Gaza Screams for Life

Palestinian women near the Israel-Gaza border on March 29, a day before the start of a six-week sit-in by Palestinians that turned deadly.CreditMohammed Salem/Reuters
Palestinian women near the Israel-Gaza border on March 29, a day before the start of a six-week sit-in by Palestinians that turned deadly.CreditMohammed Salem/Reuters

The five veiled women were gesturing, confidently, at other women to get closer. They wanted more voices to join in. My friend and I had already made it past the designated protest line and were next to the journalists and the ambulances standing by. We got closer still.

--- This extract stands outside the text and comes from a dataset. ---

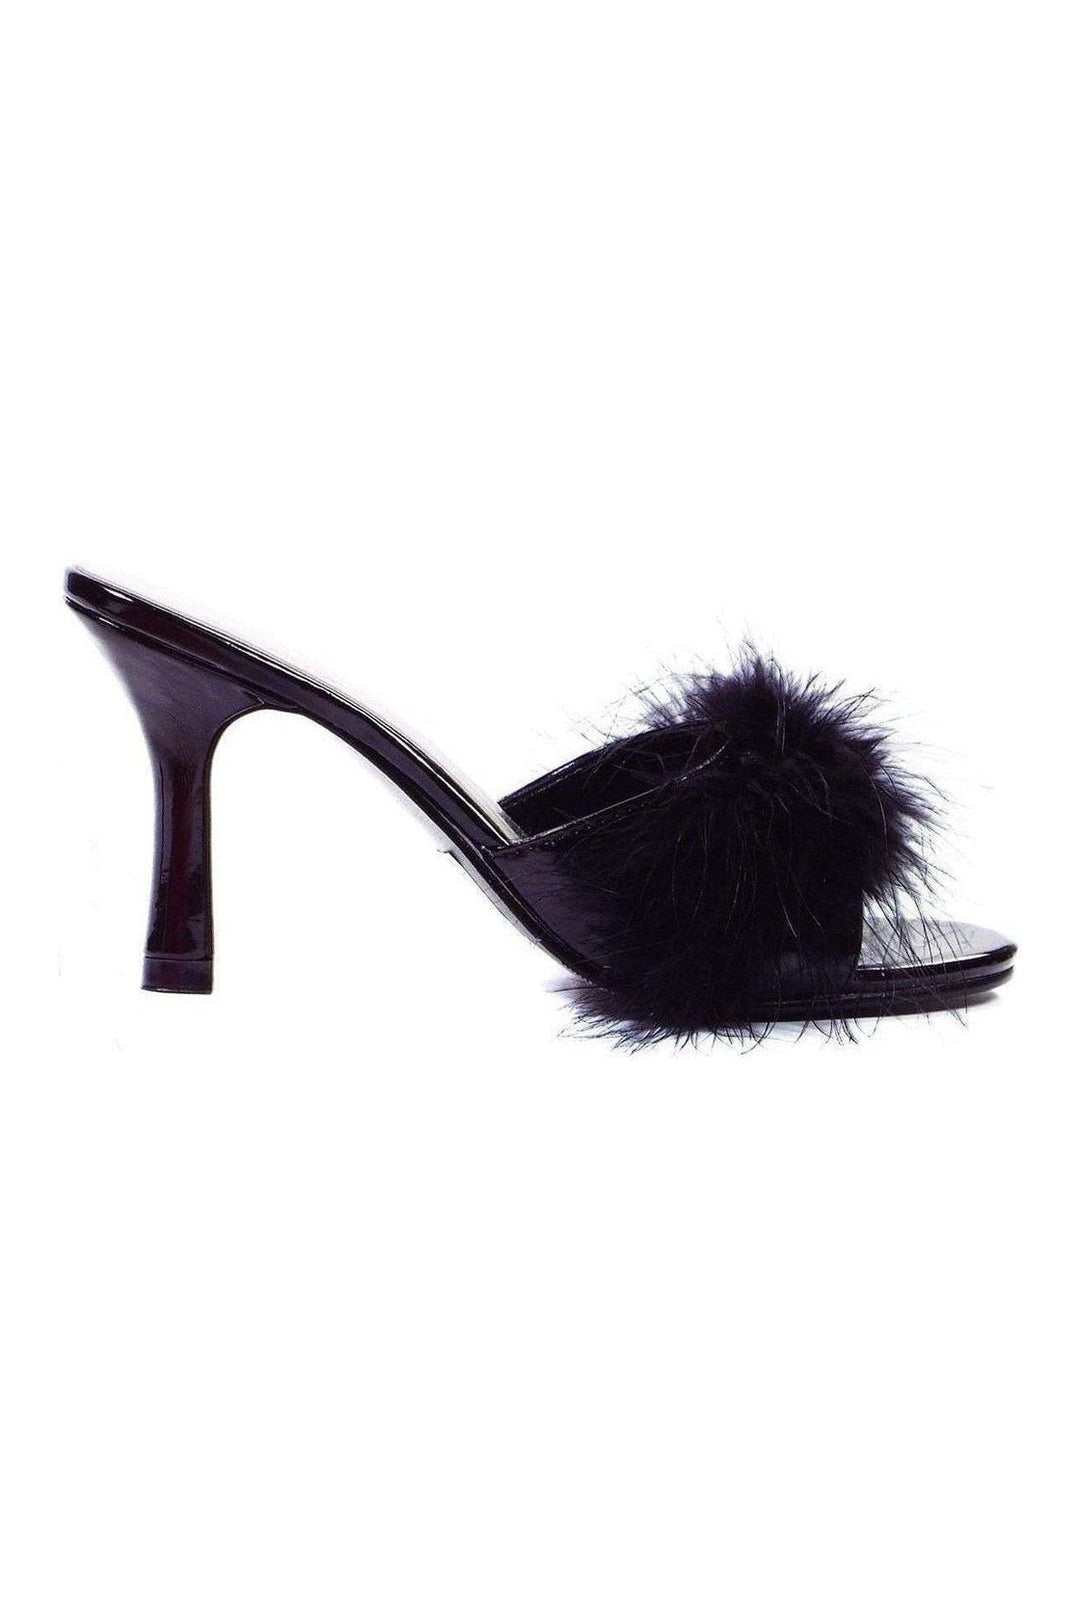 361-SASHA Marabou | Black Patent-Ellie Shoes-Black-Marabous-SEXYSHOES.COM

Rhythmically, the women chanted “Going Back,” a cult song by the Palestinian activist poet Abu Arab, drawing demonstrators into their small concert. They ululated and then sang some more.

A couple of children were jumping up and down, screaming out the few lyrics they knew: “I will return to my country. To the green land, I will return.” The crowd, a few hundred strong, armed with nothing but cellphones, clapped along. People stood on a farmer’s land, on the edge of Al-Zaytun, an eastern area of Gaza City, looking out onto the green fields beyond the Israeli snipers’ helmets and sand barriers.

A group of clowns with white face paint and red noses squeaked noisily in the rising and falling tones of Gaza’s Arabic dialect and hopped around. One of them grabbed a mic in front of a TV camera and started imitating news correspondents, quacking unintelligibly but as determined as if he were saying real words.

This was Sunday. On Friday, the first day of what was supposed to be an extended peaceful sit-in, Israeli soldiers had shot into another crowd of some 30,000 Palestinians who had gathered by the border to commemorate the killing in 1976 of six Palestinian citizens of Israel during another protest still, over Israel’s expropriation of Arab land. At least 15 demonstrators were killed last week.

On Sunday, people lined up some 200 meters away from the fence separating them from the Israeli soldiers. Palestinian men in civilian clothes wouldn’t allow them any closer. Only one man in a mobility scooter couldn’t be stopped from entering the hot zone between the crowd and the fence.

When he entered the area, several rounds of bullets sounded out, but he wasn’t hit. “They don’t want to kill another disabled activist,” one of the journalists said. He was referring to Ibrahim Abu Thuraya, who had lost his legs (reportedly in a 2008 Israeli airstrike) and was shot in the head during a demonstration in Gaza in December. “Otherwise, he would have been killed a while ago,” the journalist added, about the man in the special scooter.

More bursts came, sudden and loud. The protesters got down. When they realized it was tear gas that had been fired, they straightened up. Lines of white smoke streaked up the blue sky and then dropped to the ground; a low cloud draped the figure of the disabled man on his machine. Moments later, paramedics rushed to help him. Eleven people were injured on Sunday in various protests throughout the Gaza Strip, according to Gaza’s health ministry.

One of the women who had been howling, her eyes lined in kohl and blurry with tears, said: “This march is uniting us, if nothing else. Men and women of all backgrounds.” A sense of togetherness did seem to have developed among the small number of people gathered in front of the lurking Israeli snipers. “It’s not a march to return to our land at this very moment. It’s a way for us to speak and to raise our voices,” the woman said. Behind the protesters three boys aged 10 to 13 were playing football, kicking the ball high in the sky, well within range of the snipers’ viewfinders.

The protesters who gathered under the burning midday sun displayed a kind of resigned hope. As if to say: We have nothing to lose, so we come here to scream our lungs out. Some knew well that they risked more than burned skin and a sore throat; they had been injured on Friday. One man came on crutches and hopped about on one foot, the other foot swinging from a scaffolding of metal sticks and screws.

I left the protest thinking of the rest of Gaza — shellshocked for years, its borders closed and its United Nations-funded infrastructure in decay. I thought of the kids in my neighborhood who play football in what used to be the ground floor of a tall residential building, with bare concrete columns and poking iron rods as their only audience. And I thought: Once again, Gaza the Injured has come out to protest, and to scream for life.

Rawan Yaghi, a writer based in Gaza, contributed to the 2014 anthology Gaza Writes Back.